1. A position sensor, comprising:
a first magnetic structure containing a plurality of magnets;
a second magnetic structure containing two ferromagnetic rings provided with a plurality of teeth and defining an air gap;
at least one magnetosensitive element placed in the air gap;
the first and second magnetic structures being integral respectively with two parts in relative rotation, wherein the two ferromagnetic rings are intermeshed and each is provided with a substantially tubular part forming axially oriented teeth, connected by a flux-closure zone, the air gap being bounded by the flux-closure zones.
2. A position sensor according to claim 1, wherein the position sensor is configured for detecting torsion of a steering column.
3. A position sensor according to claim 1, wherein the first magnetic structure is composed of a ferromagnetic tubular yoke provided with a plurality of tangential notches in which are seated thin magnets magnetized substantially radially in identical directions.
4. A position sensor according to claim 3, wherein the thin magnets are in a form of radially magnetized tiles.

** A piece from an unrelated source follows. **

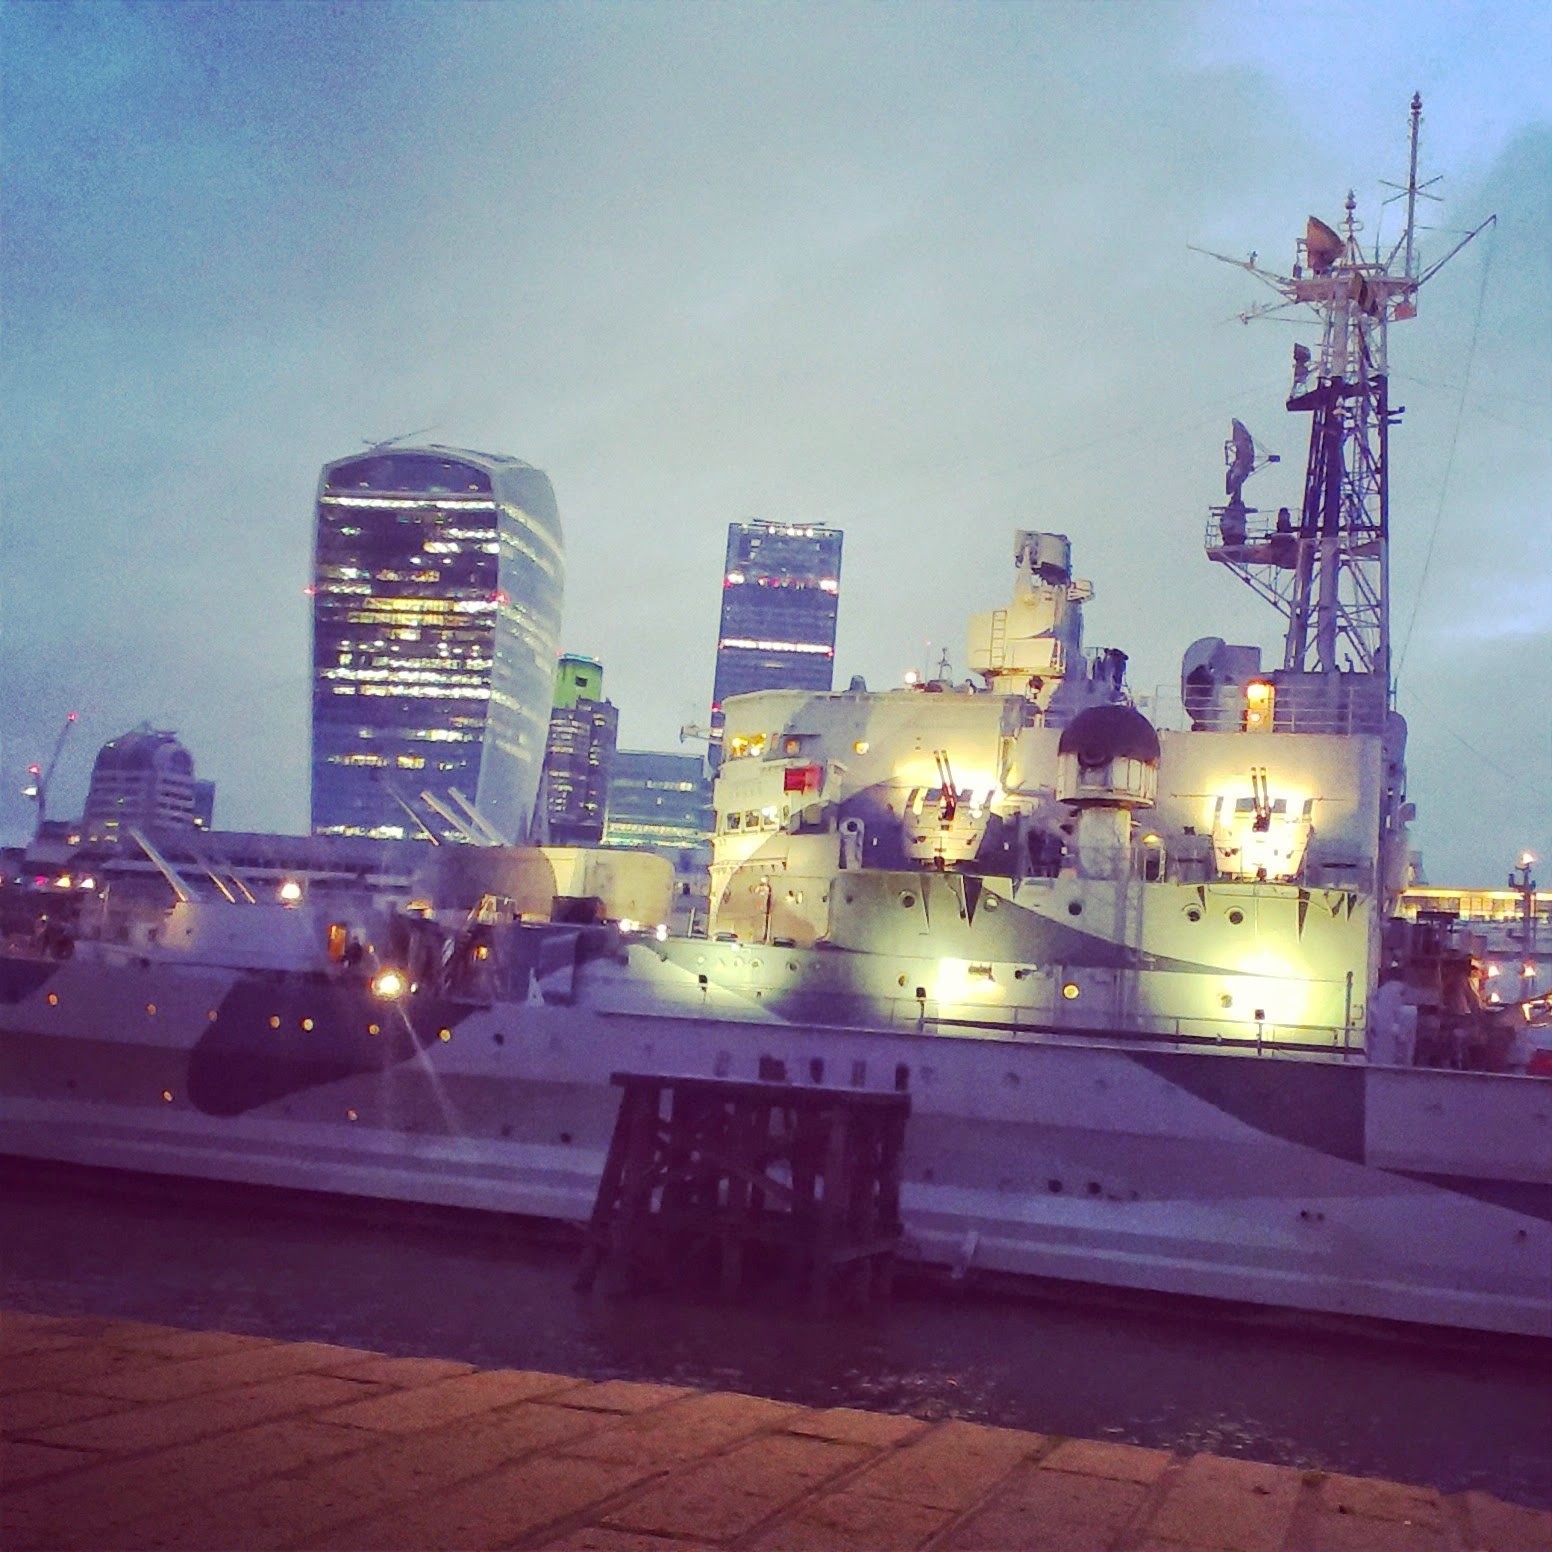 4pm - HMS Belfast

5. A position sensor according to claim 3, wherein the thin magnets are in a form of parallelepiped magnets magnetized in a direction perpendicular to a plane of a main face.
6. A position sensor according to claim 1, wherein a height of the teeth corresponds substantially to a height of the plurality of magnets.
7. A position sensor according to claim 1, wherein at least one of the first and second magnetic structures is movable relative to the at least one magnetosensitive element.
8. A position sensor according to claim 1, wherein the at least one magnetorestrictive element comprises N magnetosensitive elements, N corresponding to a number of phases of a brushless DC motor whose movement is controlled by the position sensor.
9. A position sensor according to claim 1, wherein the two ferromagnetic rings are provided with flux-closure zones having a shape of transverse disks.
10. A position sensor according to claim 1, wherein the two ferromagnetic rings are provided with flux-closure zones having a shape of half-toruses.
11. A position sensor according to claim 1, wherein the two ferromagnetic rings are provided with flux-closure zones of tubular shape.
12. A position sensor according to claim 1, wherein the two ferromagnetic rings are provided with flux-closure zones cut to form a plurality of teeth.
13. A position sensor according to claim 1, wherein the two ferromagnetic rings are provided with flux-closure zones extending over 360° C.
14. A position sensor according to claim 1, wherein the two ferromagnetic rings are provided with flux-closure zones extending over an annular sector corresponding substantially to a dimension of the magnetosensitive element.
15. A position sensor according to claim 1, wherein the two ferromagnetic rings are composed of two movable toothed pieces and two fixed elements.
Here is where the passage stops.